The early morning rays cast long shadows on the slopes today and the runs were sprinkled with magic. I could tell a noticeable difference between the snow that had already begun to warm and that which sat in the shadows. The contrast between light and dark, or sun and shade, is extremely noticeable and might dictate where you ski.


Everywhere I turned I became more aware of the subtle undulations of the mountain. Westward facing slopes on the Sundown side of the mountain get the first glimpse of the day’s breaking sunlight while shadowed areas like lower Rainbow, Nelson’s Run, and Twister sat in a state of cold hibernation. Our southern facing trails seem to be experiencing the full force of the long, warm days and are probably the most difficult to keep covered in blissful, packed snow. The overnight grooming crew has been doing a wonderful job in these areas keeping our mountain as fresh as the morning air.
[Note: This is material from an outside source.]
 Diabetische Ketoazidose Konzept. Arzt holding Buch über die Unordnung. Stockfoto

As I skated my way around the resort today, I couldn’t help but get sucked into the immaculate beauty all around. The way the sun dashed shimmering lines across the trail brought my senses to a hyper-aware state of mind. I found myself stopping more often than most days to try and visually capture the jaw-dropping natural “art” I saw in every direction. Of course the lens of my camera isn’t quite as attune to the nuances of my third-eye view, so most of my photos came up short of what was swirling in my mind. But the main message I’m trying to send today is to enjoy every aspect of your experience up there and don’t forget to soak it all in.
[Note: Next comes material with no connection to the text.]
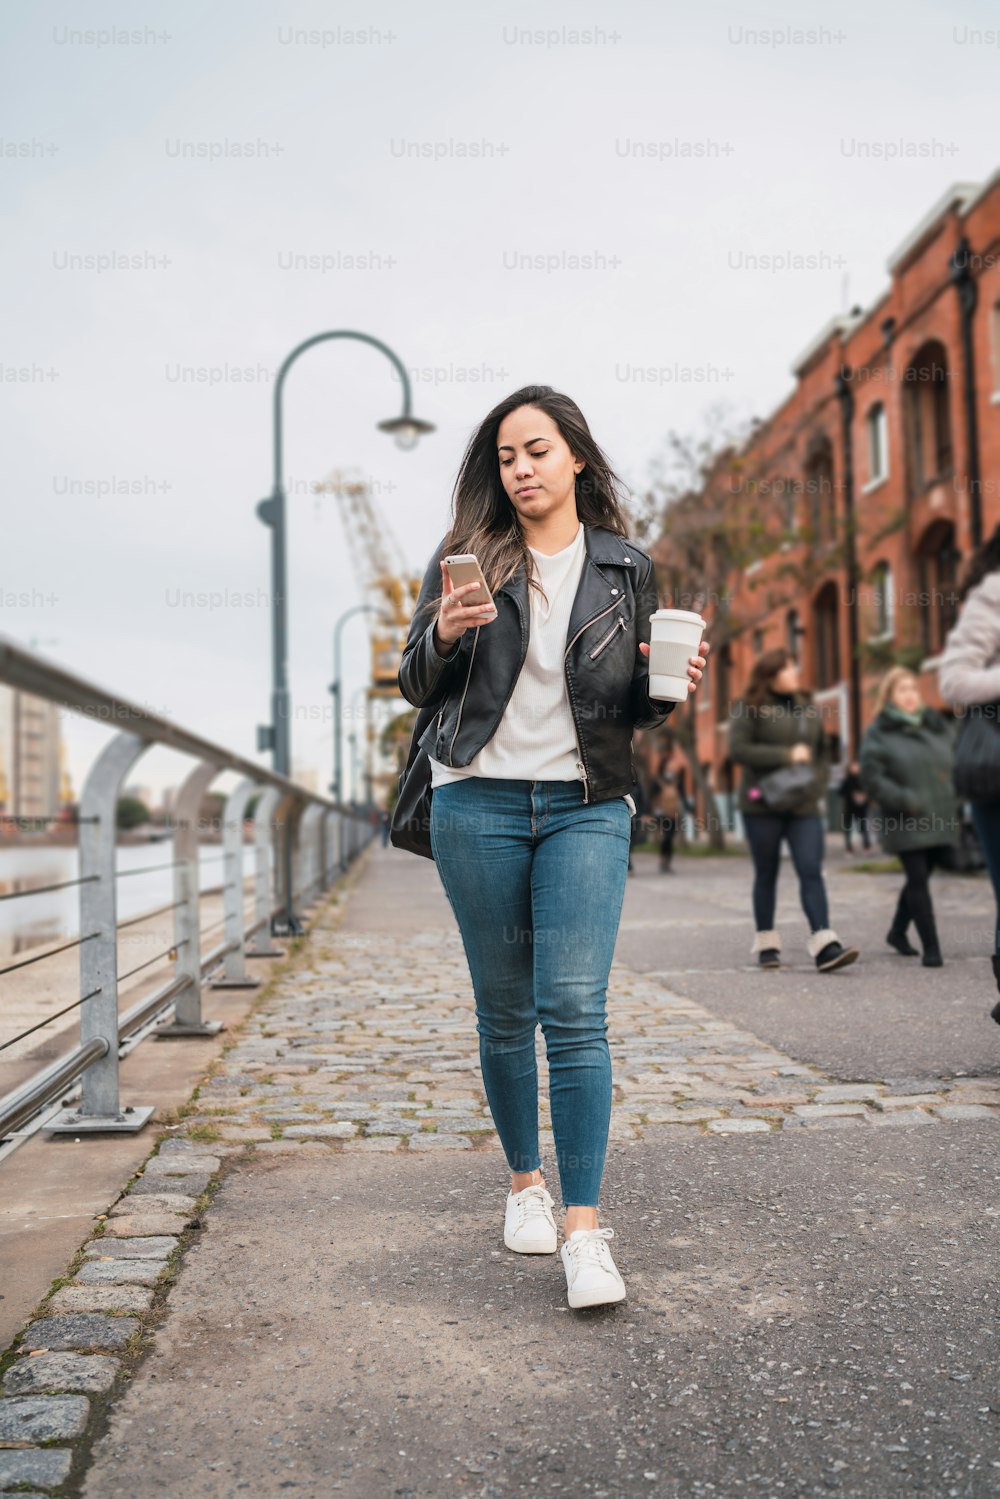 コーヒーを飲みながら歩きながら携帯電話を使う若い女性のポートレート。都市とコミュニケーションのコンセプト。

The ironic part of my post today is that by the time you read this the sun will most likely be hanging directly above. The late-day warmth will soften our snow to a mild state of slush and the shadows I saw this morning will be virtually nonexistent. But don’t forget the message behind the story here. Don’t let a long March day on Mt. Werner with family and friends be taken for granted. Because if you love this place as much as I do, then you tend to cherish every moment.